In 2023, Diamondback Energy (FANG) has a Current Ratio of 0.769, compared to 0.8112 in 2022. This signifies a decrease in the Current Ratio from 2022 to 2023. A decreasing Current Ratio indicates that the company's ability to cover its short-term obligations with its short-term assets has weakened. This trend is generally viewed unfavorably as it may signal potential liquidity problems. Comparatively, the industry median Current Ratio has been consistently higher, reaching 1.1065 in 2023. Therefore, Diamondback Energy scores 0 points under this criterion.
Number of shares not diluted?
This criterion examines whether the company has issued more shares over the past year. A lower number of shares indicates stronger financial health, as it suggests less dilution for current shareholders.
From 2022 to 2023, Diamondback Energy's outstanding shares increased from 176,539,000 to 179,999,000, indicating a dilution of existing shares. Historically, the company has seen a substantial rise in outstanding shares over the past 20 years, from 22,611,532 in 2009 to 179,999,000 in 2023, a trend that has varied from year to year. This trend shows ongoing dilution, as there have been multiple increases in share numbers. An increase in outstanding shares generally dilutes the value for existing shareholders, potentially signaling additional capital-raising efforts or stock-based compensation, which may be viewed negatively. Therefore, for this criterion under Piotroski Analyses, Diamondback Energy scores 0 points as the outstanding shares increased in 2023.
Operating of Diamondback Energy (FANG)
Cross Margin is growing?
Change in Gross Margin is an important criterion in the Piotroski Analysis as it indicates the company's profitability trends over time.
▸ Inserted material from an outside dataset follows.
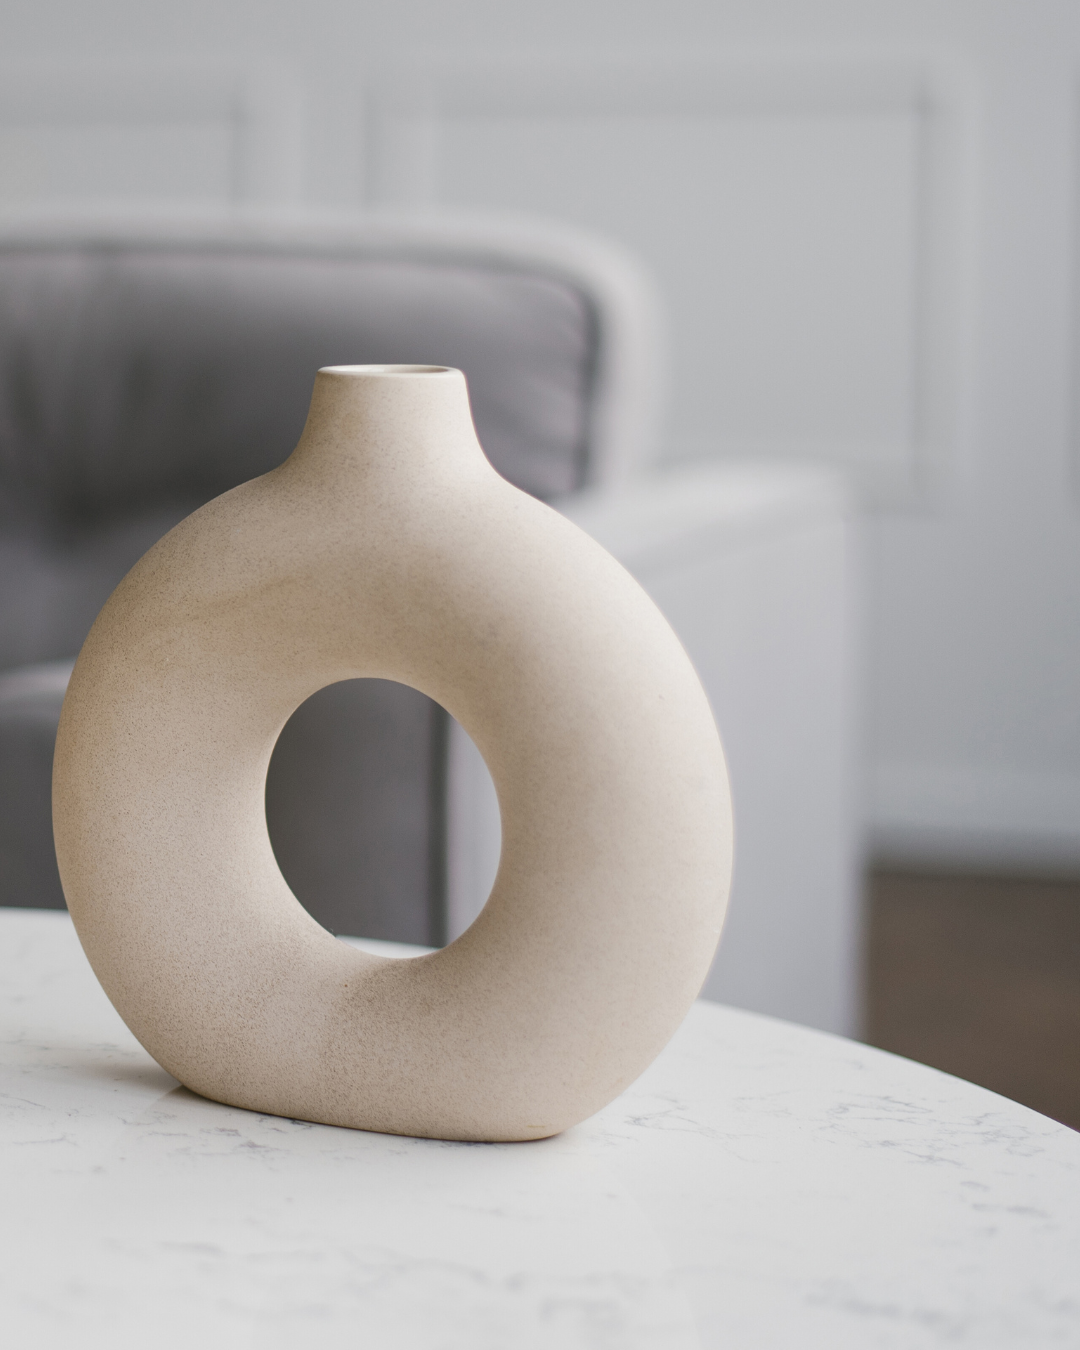 Home Decorative Ceramic Vase

A higher Gross Margin reflects better cost management and pricing of the company's products or services.
Diamondback Energy (FANG) exhibited a Gross Margin of 0.5754 in 2023, compared to 0.7005 in 2022. This represents a decline in Gross Margin, which suggests increased production costs or pricing pressures. Over the past 20 years, Diamondback Energy's Gross Margin has seen significant fluctuations, reaching its lowest in 2020 at 0.2245 and peaking in 2009 at 0.9445. In contrast, the industry's median gross margin has generally followed a steadier albeit downward trend. The industry's median was highest in 2011 at 0.7249 and fell to 0.4978 in 2023. Thus, based on the Piotroski Analysis criteria, Diamondback Energy scores 0 points for this period's Gross Margin change, highlighting potential concerns for profitability.
Asset Turnover Ratio is growing?
Change in Asset Turnover assesses a company's efficiency in using its assets to generate sales.
Comparing the Asset Turnover ratios, Diamondback Energy's Asset Turnover decreased from 0.3896 in 2022 to 0.3021 in 2023. This is not a positive trend. Given that a higher asset turnover ratio indicates better efficiency in utilizing assets to generate revenue, the decline to 0.3021 represents decreased efficiency. Therefore, the score for this criterion would be set to 0.